→ Work item
Your task is to give the listing below back word for word, pictures excluded.

→ Dataset extract
+===+
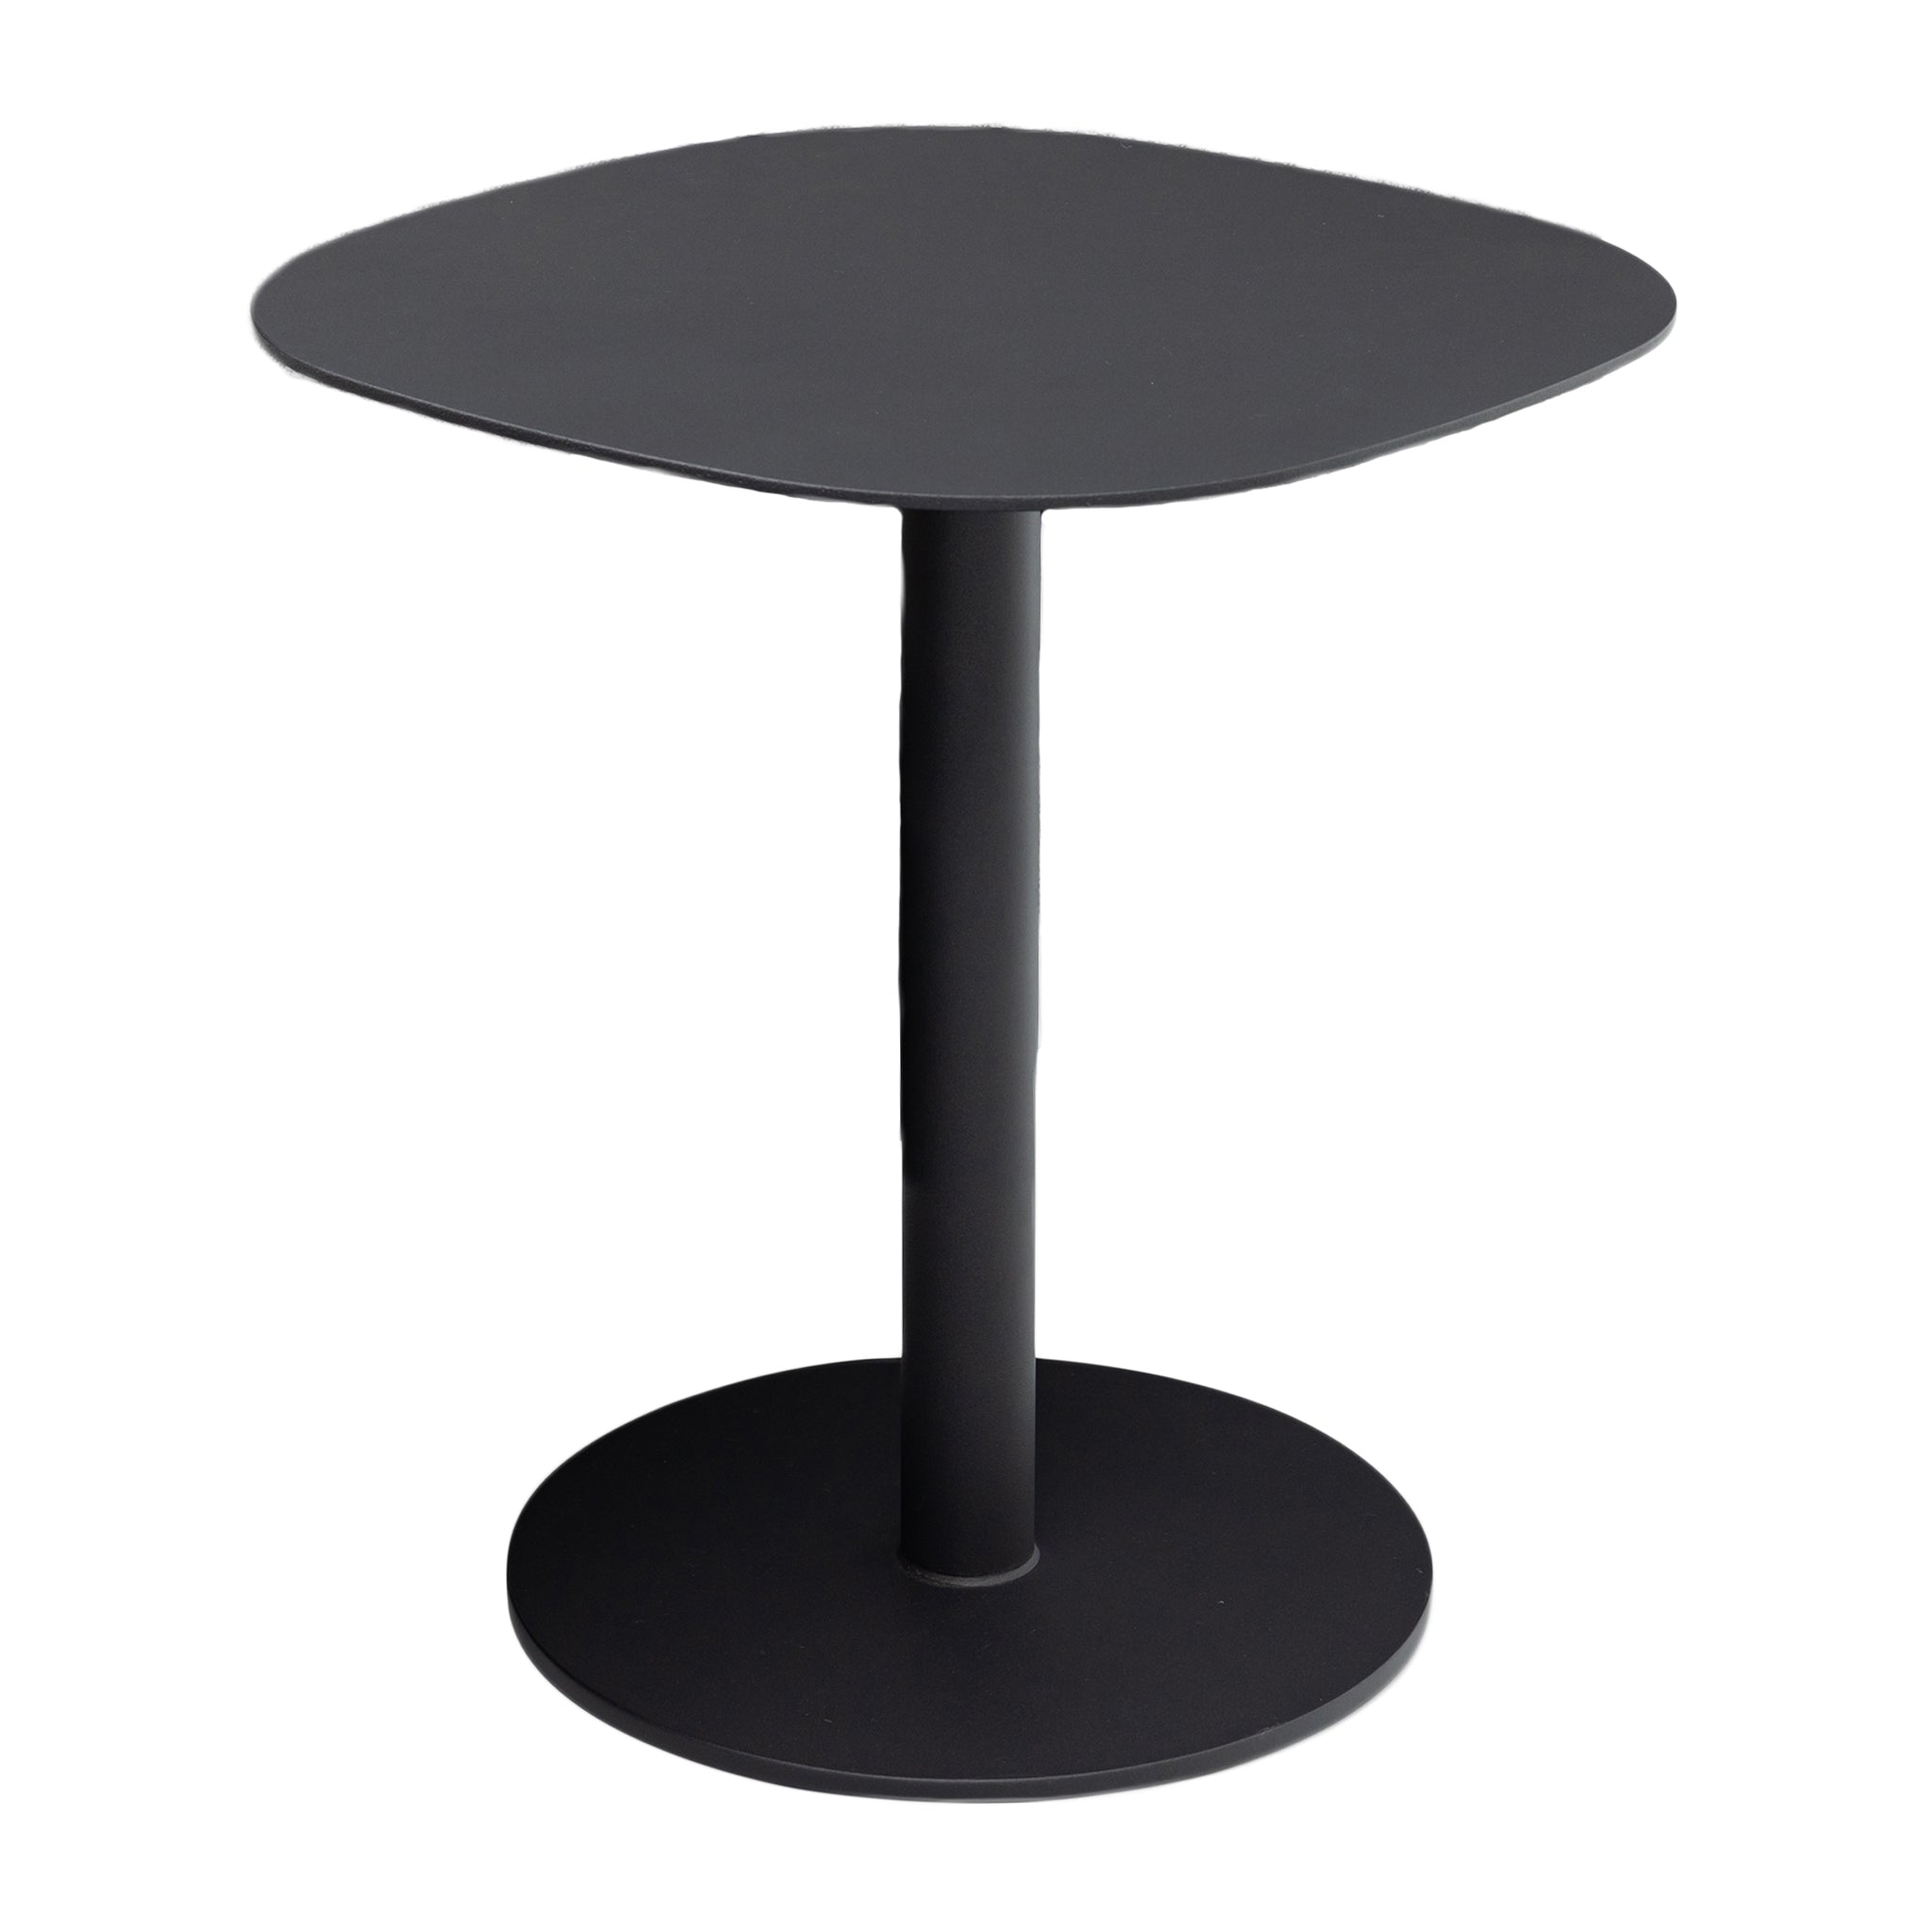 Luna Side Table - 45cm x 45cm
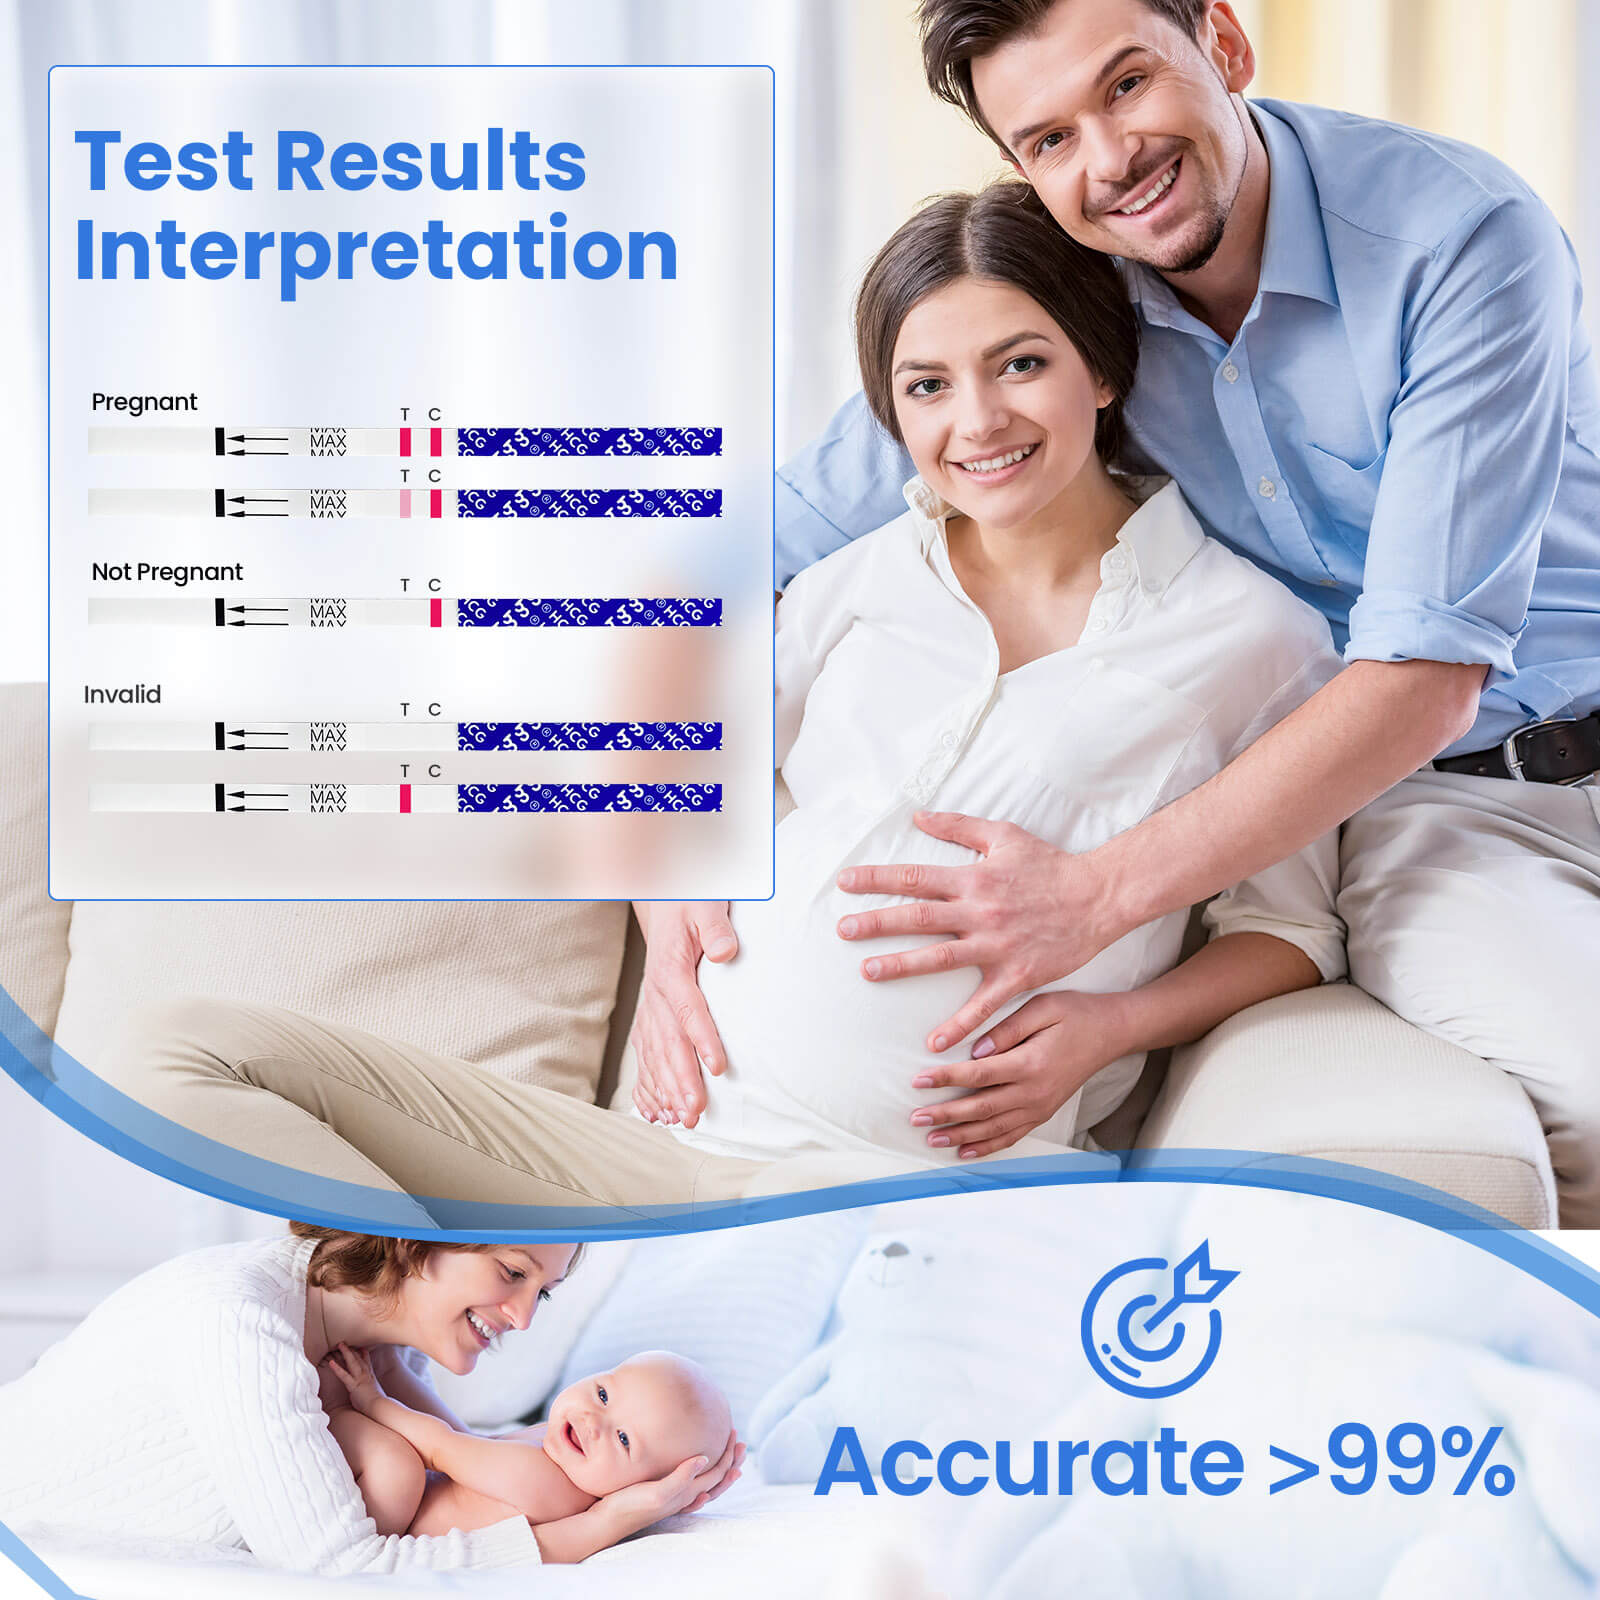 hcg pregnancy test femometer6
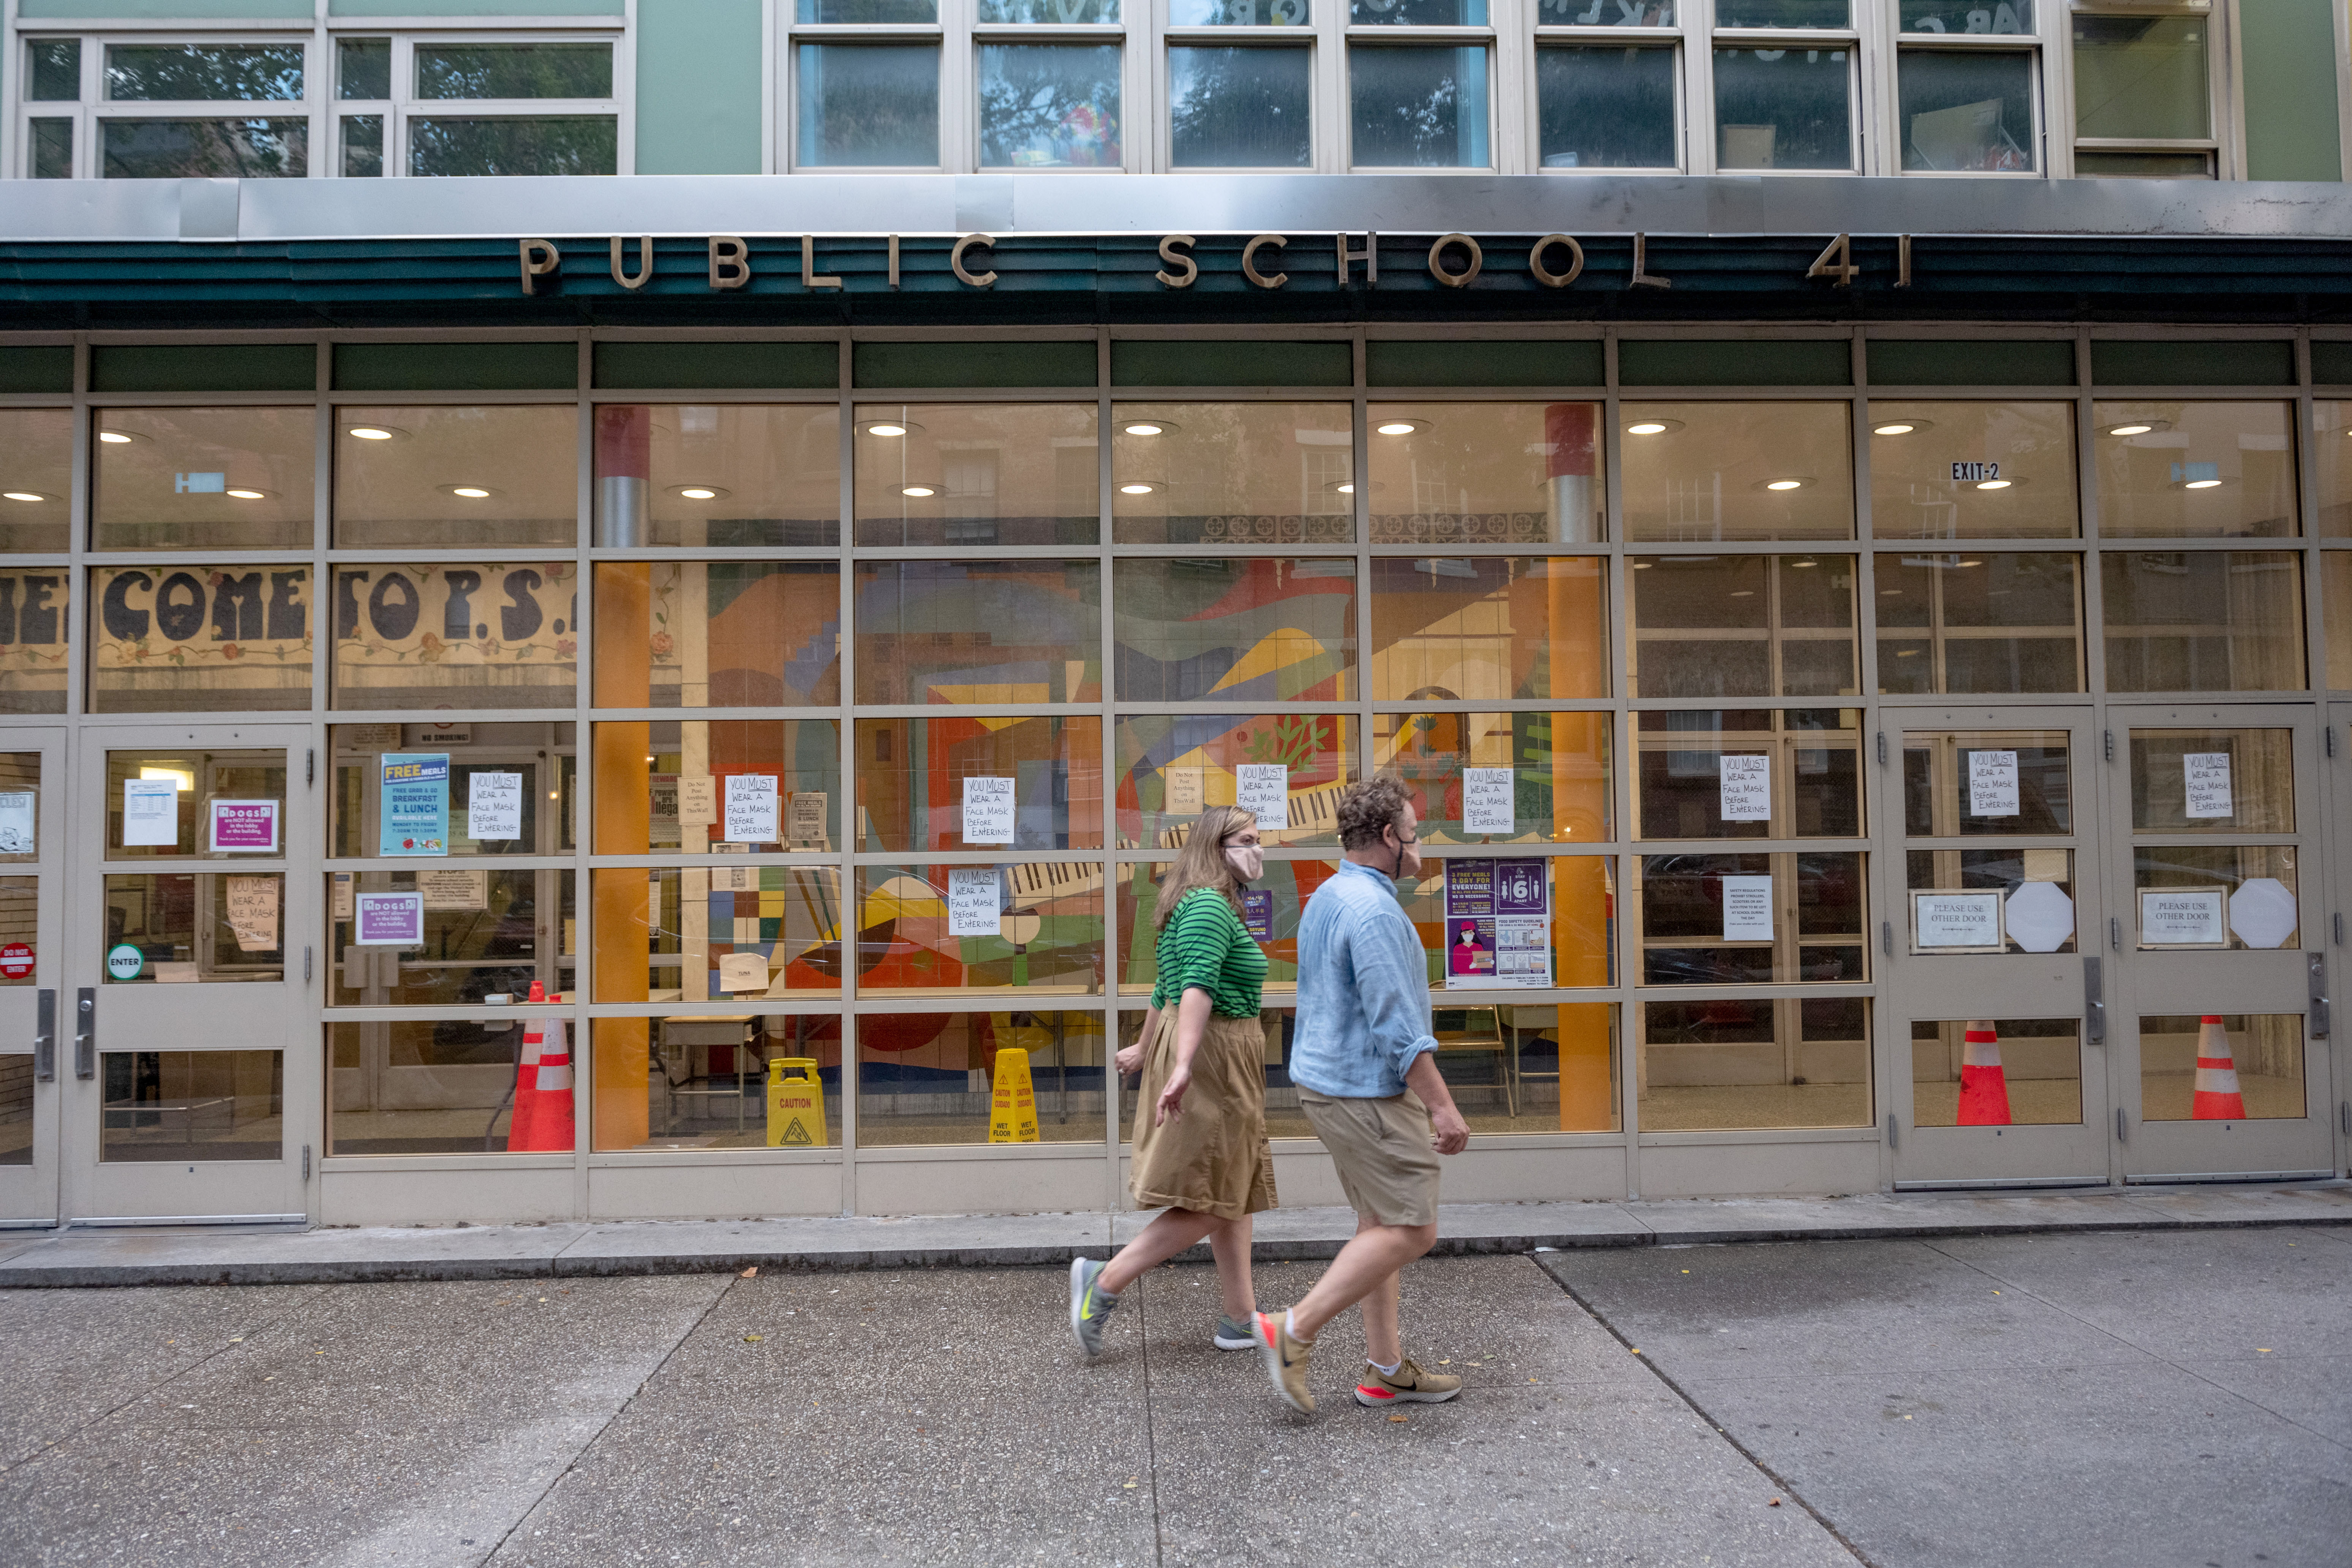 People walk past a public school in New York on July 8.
+===+
→ Task output
 Luna Side Table - 45cm x 45cm
 hcg pregnancy test femometer6
 People walk past a public school in New York on July 8.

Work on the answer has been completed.